Before you close, bring all participants together to share what they thought of the workshop, if anything surprised them, if there is anything about mobility cultures they’d like to share but weren’t yet able to integrate in the exercises / sharing moments, etc.

Explain (again) the context of this workshop, Also end with how you will proceed with the results, what they can expect to come from it, and where they will be able to find information about it. Finally, remind participants of the feedback form / page (in which you might ask to what extent they prefer this kind of workshop compared to a classic “narrative”/”debate” participation format, and whether they have any other feedback, or you can add more questions you find relevant – make sure to keep it short!).

- Children
- Families
- Youth
- Working adults
- Older adults
- Residents of an area of intervention
- Specific minorities in the area
- Planners / Municipality actors
- NGOs / Non-profit organizations
- Academics
- Private companies / actors active in the area
- The workshop can be done in 45 minutes or in 3 hours. Depending on the length, you can spend more or less time on each exercise, on the discussions in between, etc. You can also skip one or two of the exercises, for instance keeping only the drawing of the path in the first step.
- Keep the initial exercises short, so people respond from their “gut” or initial thought, while you can save more time for the ideal path making exercise, so they can think that through in more depth.
- Build in sufficient breaks with snacks and drinks, ideally combining this directly in the space so the workshop can go on while people eat and drink.
- Identify your objectives. Ask:
- What do you want to get out of this?What is realistic to get out of this?What do participants get out of this? (Different per group)
- What is the role of using “art”? (e.g.: exploration, understanding, communication, representation)
- Prepare how you might answer questions about your objectives.
- Identify and know your audience (see also key actors below):
- What age groups are you including? Who do you exclude and is that fair? (It is impossible to always include everyone – but it needs to be clear why you make the choices you do, and that no exclusions are systematic!)How many people should participate?
- Who will be open to work in which ways? Who is it worth challenging / making (a little) unfomfortable, and who is it worth just involvin in a more classic sense?
- Idenfiy and book the space for your workshop (see materials)

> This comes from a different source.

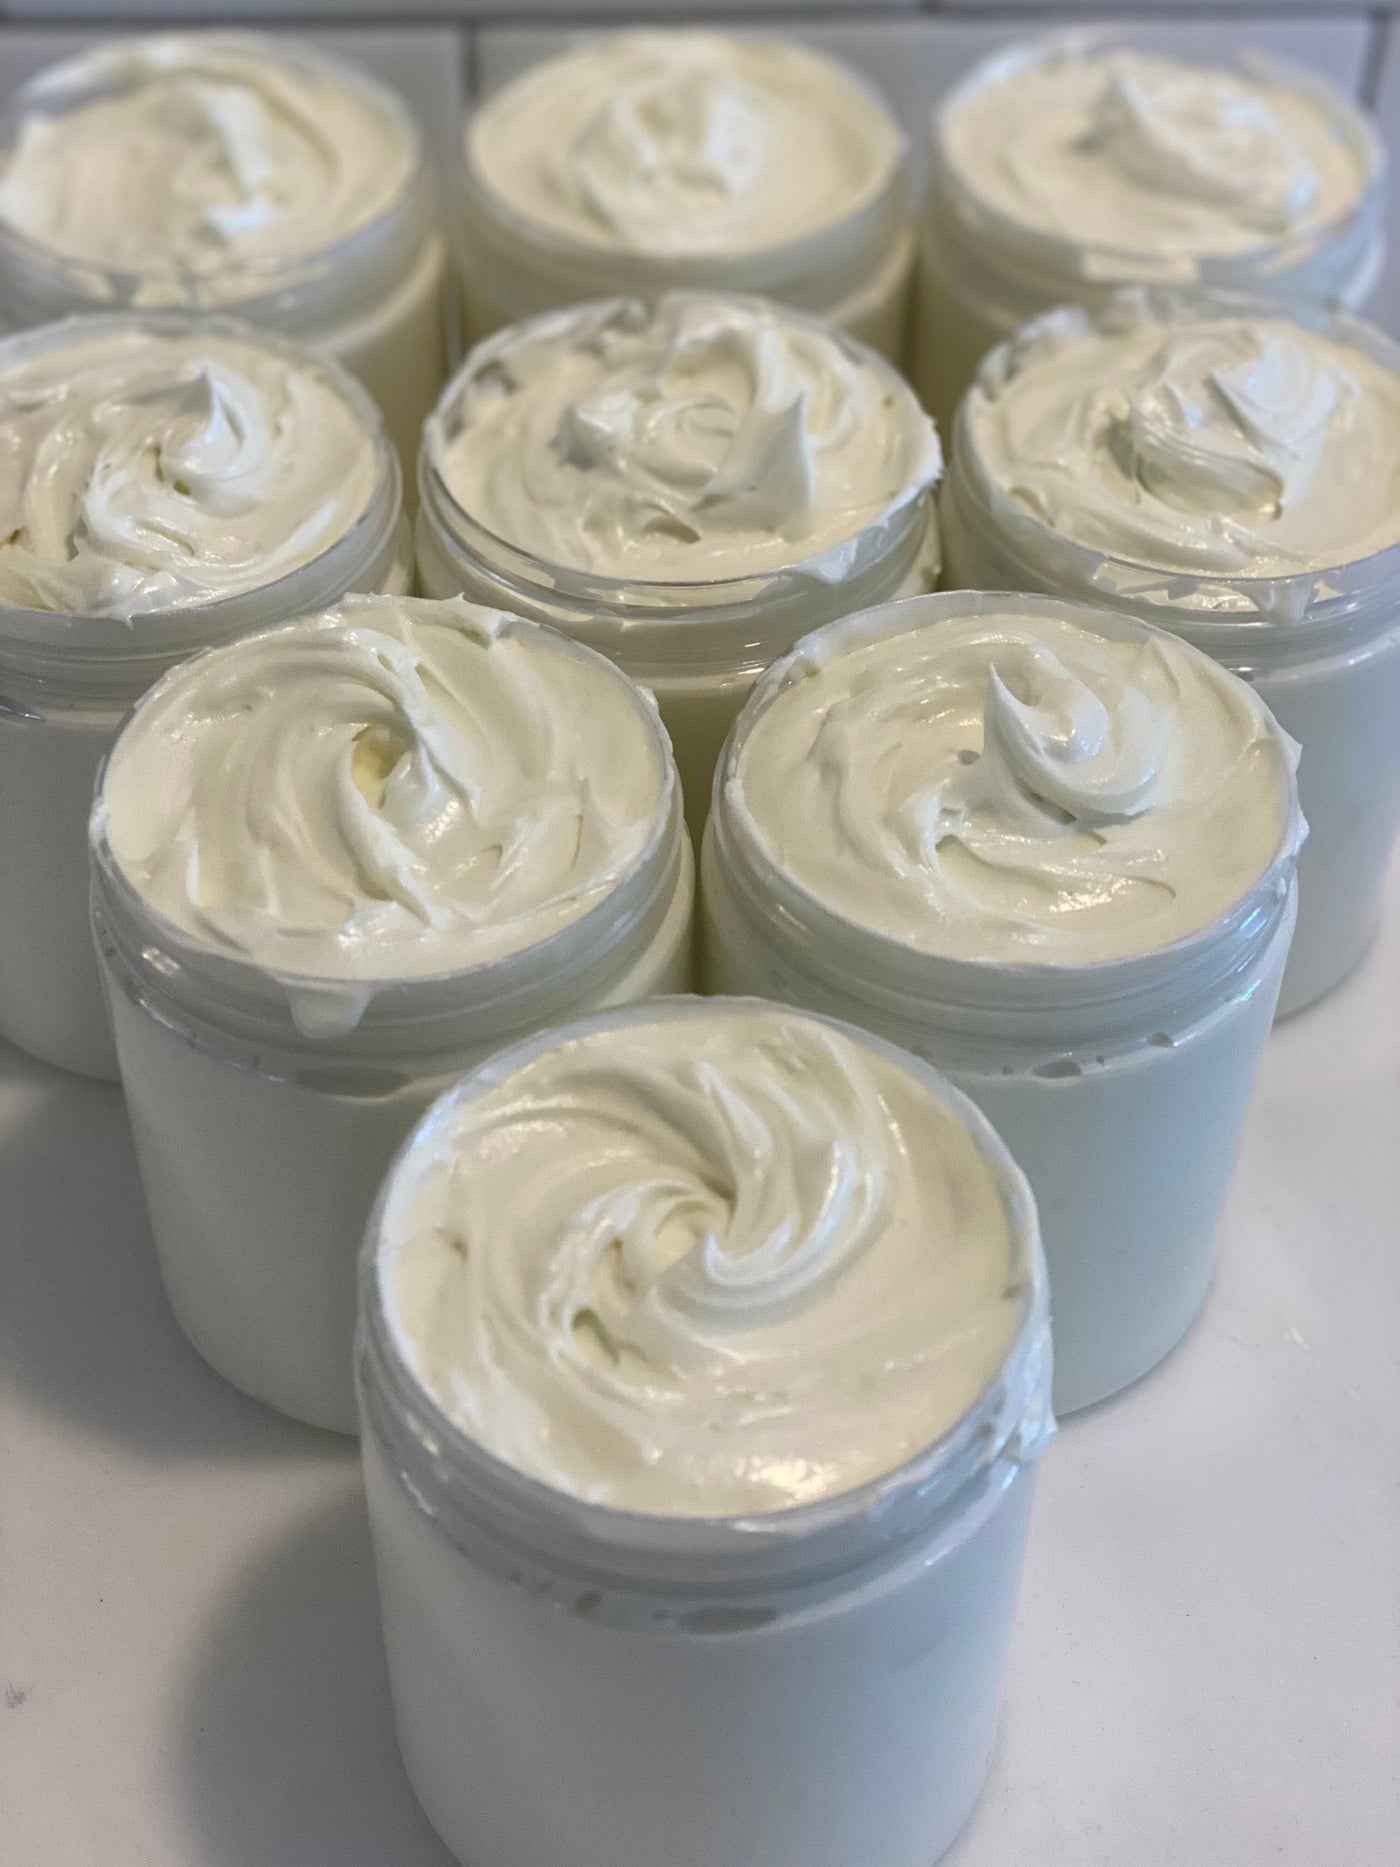 Woodstock Body Butter | Hemp and Rosehip Oil | Shea Butter | Natural Oils and Butters | Essential Oils | Handmadei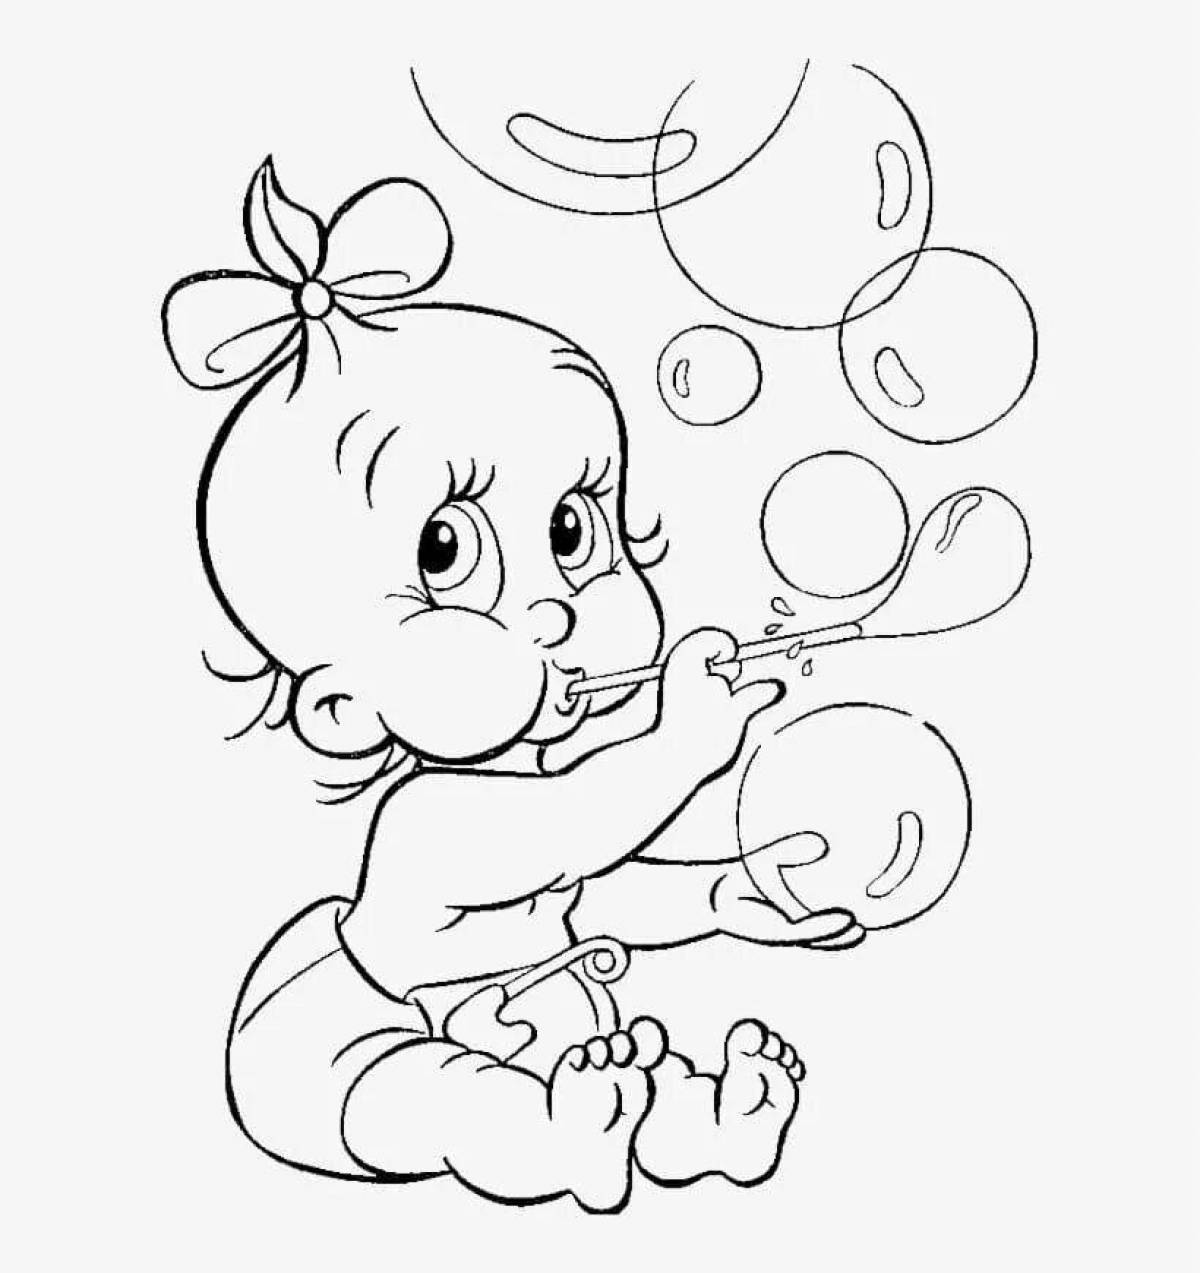 Exquisite coloring book for baby children

- Prepare a support team (colleagues and/or volunteers) to help during the workshop. If experienced, at least one person per 15 participants, if not experienced, we recommend at least two per 15 participants. Make sure to be explicit about what you need from the support team. Be aware of the extent to which your support team is a good match with your audience – for instance in their talent for enaging with children, or their ability to speak languages you might not be as familiar with but that might be spoken during the workshop.
- Prepare how you will reach your audience. Consider direct invitations, event links online and/or with qr codes to disseminate in the relevant area, social media, event location agendas, newspapers, etc.
- Organize catering for snacks and drinks
- Set up materials in the room – either already on tables or on the side for people to pick up when needed (mind the layout of the room and space for movement for this)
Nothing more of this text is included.